* _Provided data_
──────────────────────────────

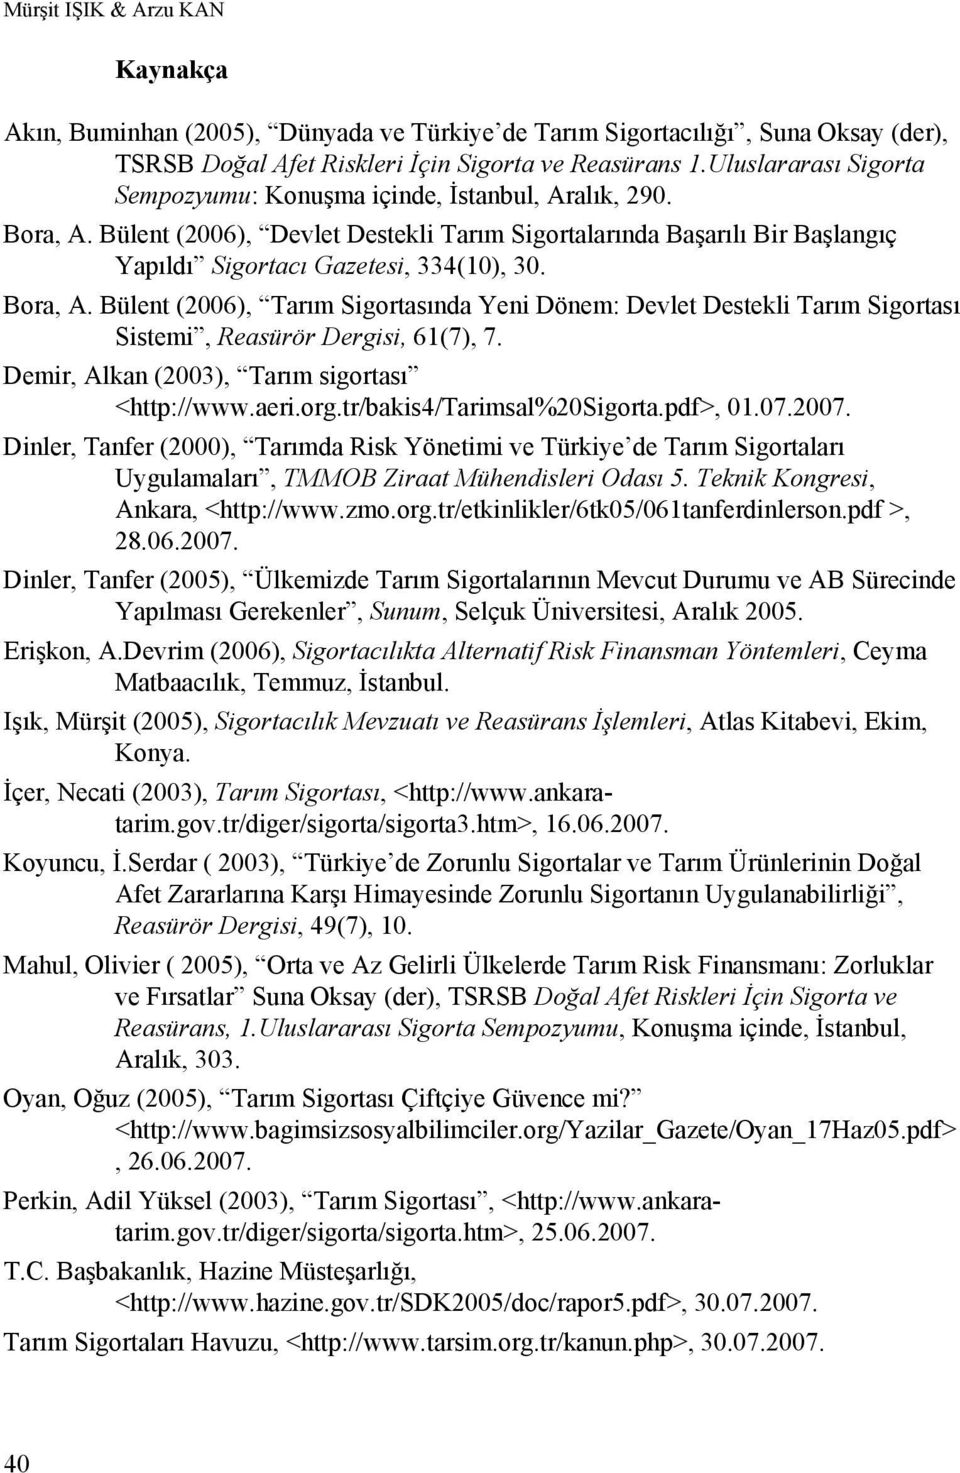 Bora, A. Bülent (2006), Tarım Sigortasında Yeni Dönem: Devlet Destekli Tarım Sigortası Sistemi, Reasürör Dergisi, 61(7), 7. Demir, Alkan (2003), Tarım sigortası <http://www.aeri.org.
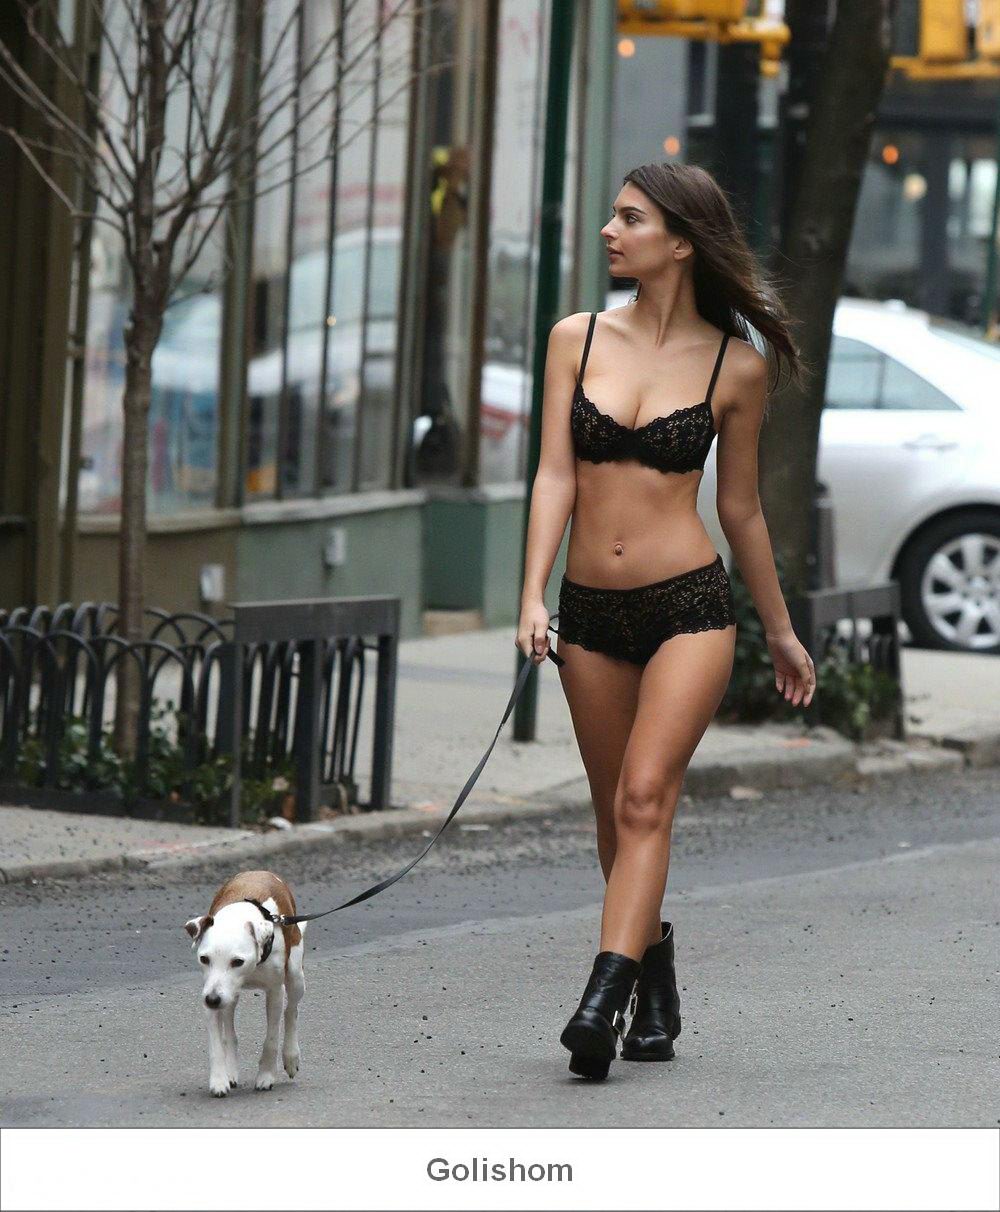 Модель Эмили Ратаковски прогулялась в нижнем белье с собачкой
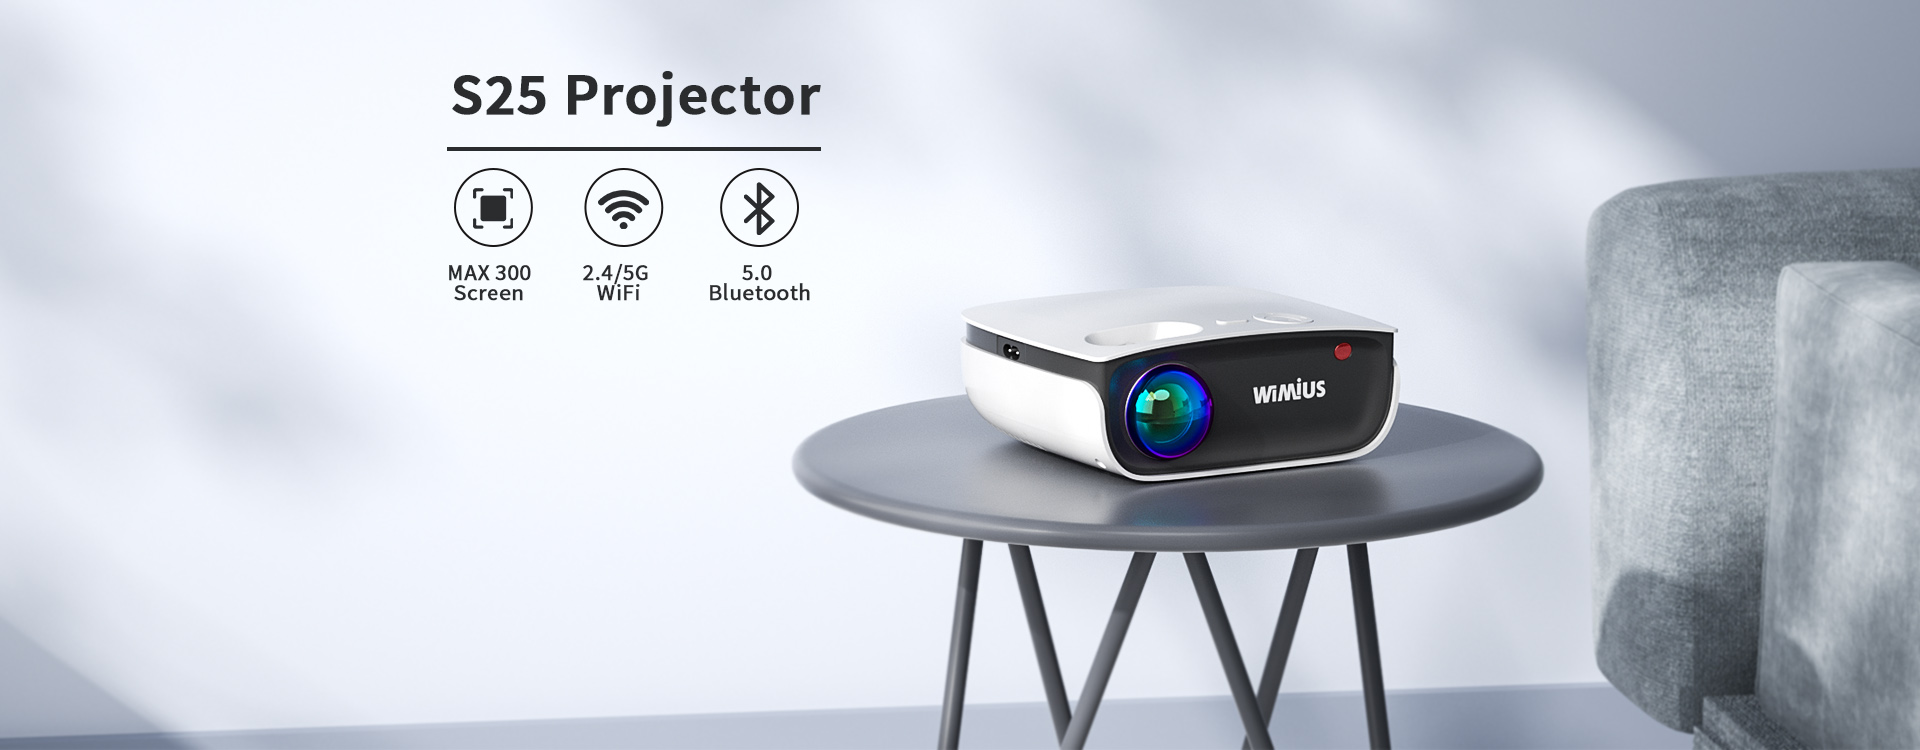 Proiettore WIMIUS K5 Mini proiettore portatile con WiFi Bluetooth nativo  1080P 4k videoproiettore Full HD per Home Theater - AliExpress
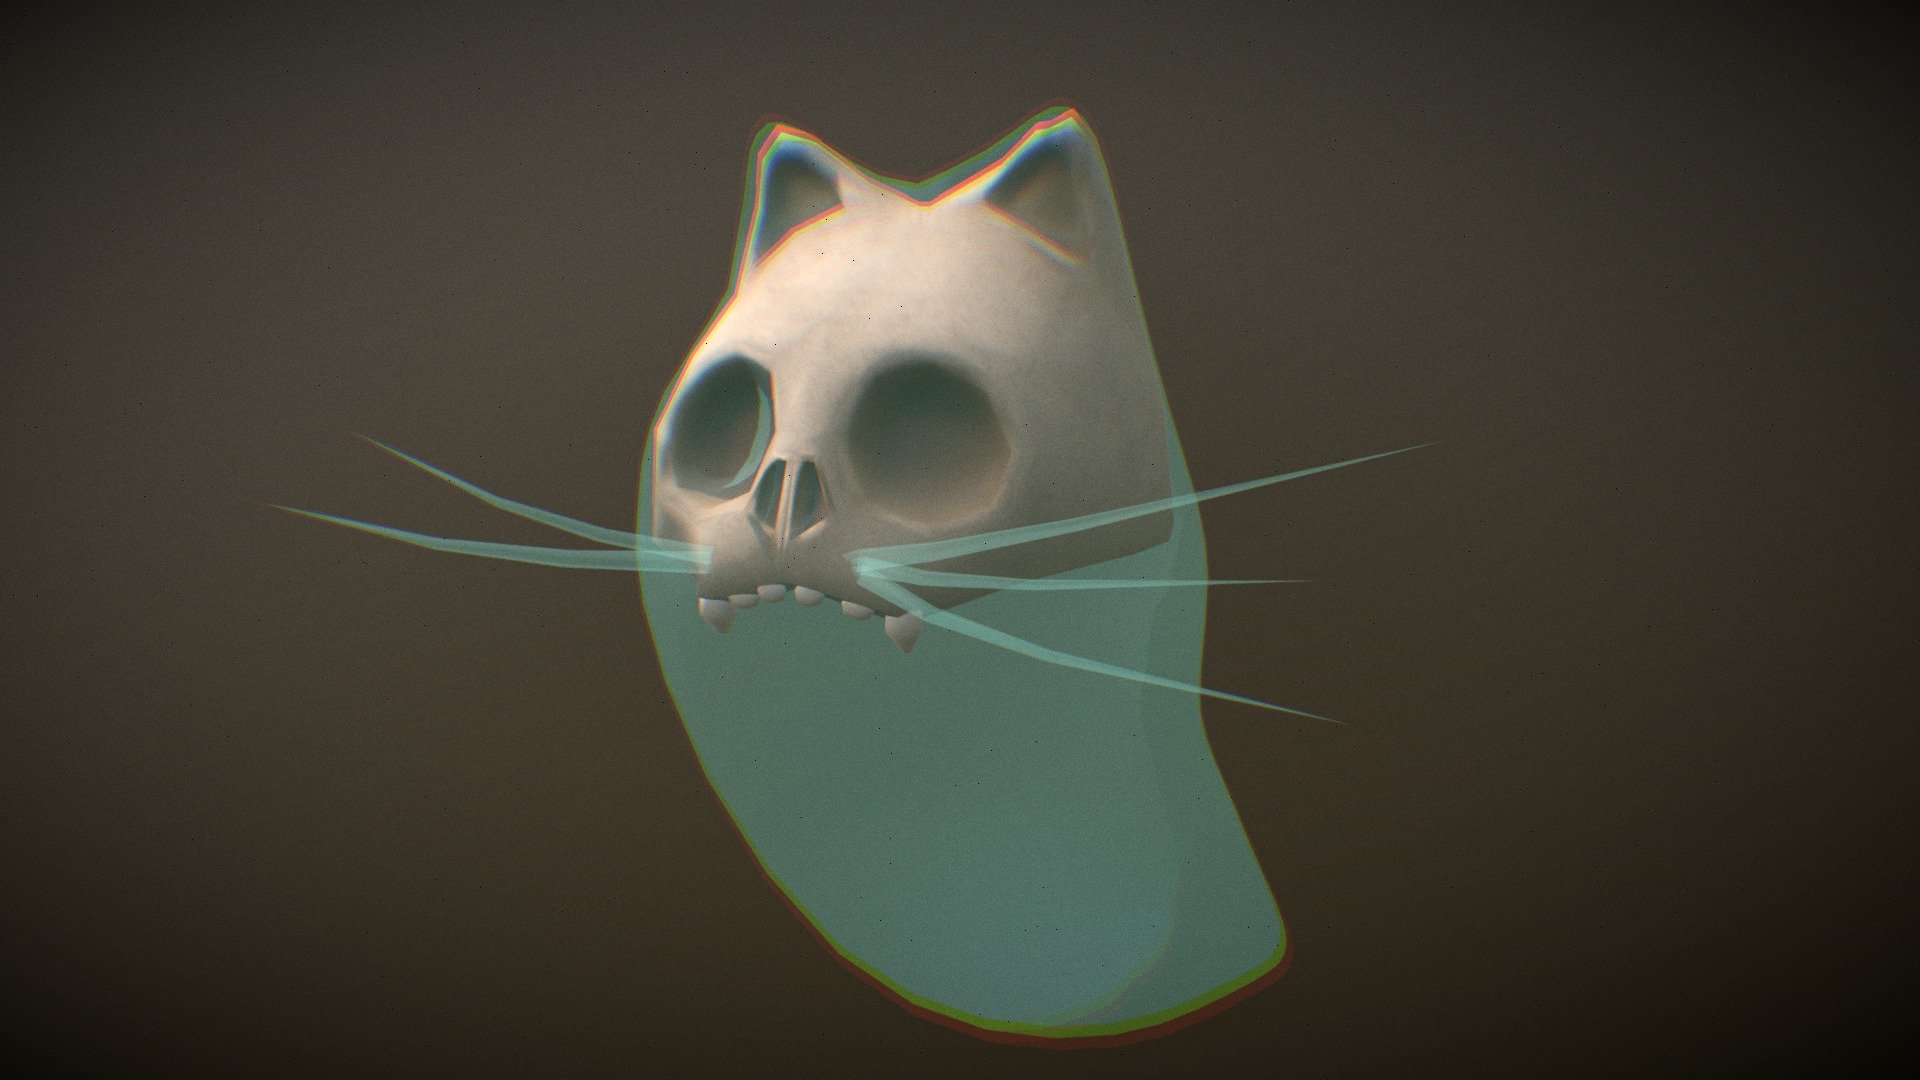 Cartoon cute ghost cat model for #SketchfabWeeklyChallenge topic &ldquo;SKeleton

──────────────────────────────

* _Work item_
Output the data verbatim, images excluded.

* _Solution_
 Bora, A. Bülent (2006), Tarım Sigortasında Yeni Dönem: Devlet Destekli Tarım Sigortası Sistemi, Reasürör Dergisi, 61(7), 7. Demir, Alkan (2003), Tarım sigortası <http://www.aeri.org.
 Модель Эмили Ратаковски прогулялась в нижнем белье с собачкой
 Proiettore WIMIUS K5 Mini proiettore portatile con WiFi Bluetooth nativo  1080P 4k videoproiettore Full HD per Home Theater - AliExpress
 Cartoon cute ghost cat model for #SketchfabWeeklyChallenge topic &ldquo;SKeleton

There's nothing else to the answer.